The podcasting companies Soundtelling, Just Stories and Third Ear, from Sweden and Denmark, will merge into one company. The aim of the company is to ride the podcast subscription wave that Apple, Acast and Spotify has created.
“We have seen streaming services grow in the TV industry and now we believe that we are facing a similar development in the podcast industry. Consolidation of companies that own popular program formats will then naturally be the next step”
After much delay, the Finnish telecom giant Nokia plans to launch a cloud-based software subscription service targeting telecom companies for providing software around analytics, security and data management.
“When Nokia created its software division in 2016, the idea was to get into subscription too, but we never executed, Senior Vice President Mark Bunn said in an interview. "Now we have executed on it ... we have built underlying technology to be able to operate at scale," he said.”
Business Essentials, as Apple is calling the service, is similar to management software that companies such as Microsoft Corp or VMware Inc sell to large business for setting up and keeping secure their fleets of phones, laptops and tablets. But Apple's version is simplified for businesses with between 50 and 500 employees that have either a small IT department or none at all.
“For an additional monthly cost, Apple will also offer a service to repair or replace broken hardware at a business within four hours, though the company said it has not yet determined pricing for that service.”

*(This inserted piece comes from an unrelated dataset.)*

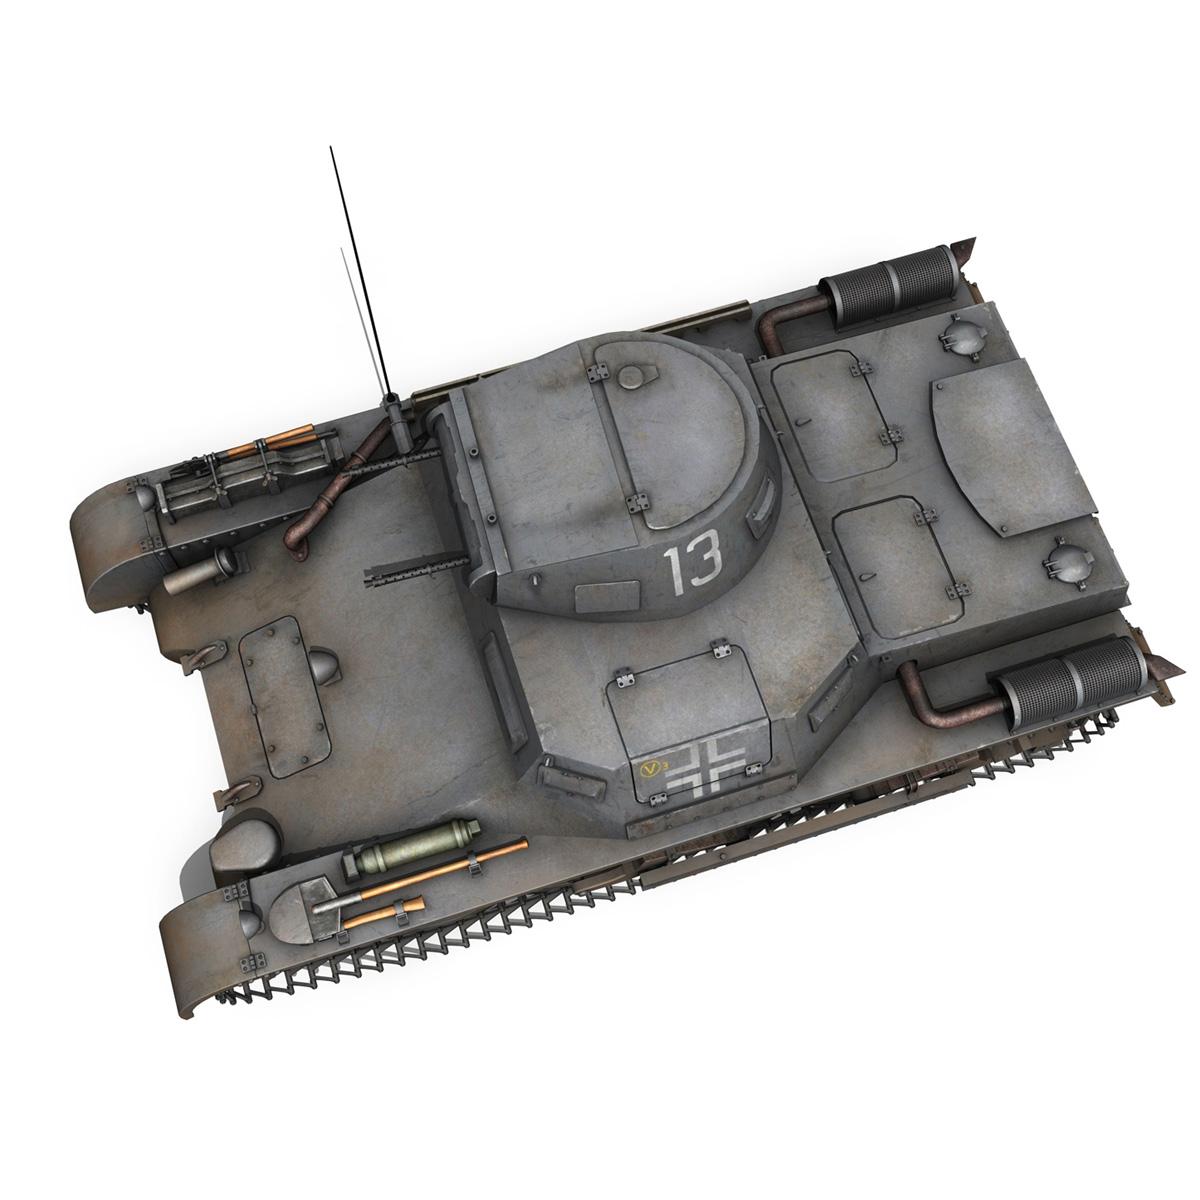 pzkpfw 1 – panzer 1 – ausf. a – 13 3d model 3ds fbx lwo lw lws obj c4d 266636

Australian startup Zoomo has just announced a $60 million Series B fundraise, money it aims to use to transform the way companies look at last-mile delivery.
“Zoomo offers gig workers a weekly subscription, which includes servicing, for anywhere from $20 per week to $49 per week.”
Eldiario, a newspaper founded a decade ago went digital and spearheaded the pay-what-you-want model. Today, Eldiario is Spain’s most widely read digital-only newspaper, and its 61,000 paying members puts it just behind overall leader El País, a national institution
“[...] instead of selling subscriptions, Escolar introduced a fee-based membership model that let readers pay as much as they wanted—or nothing at all.”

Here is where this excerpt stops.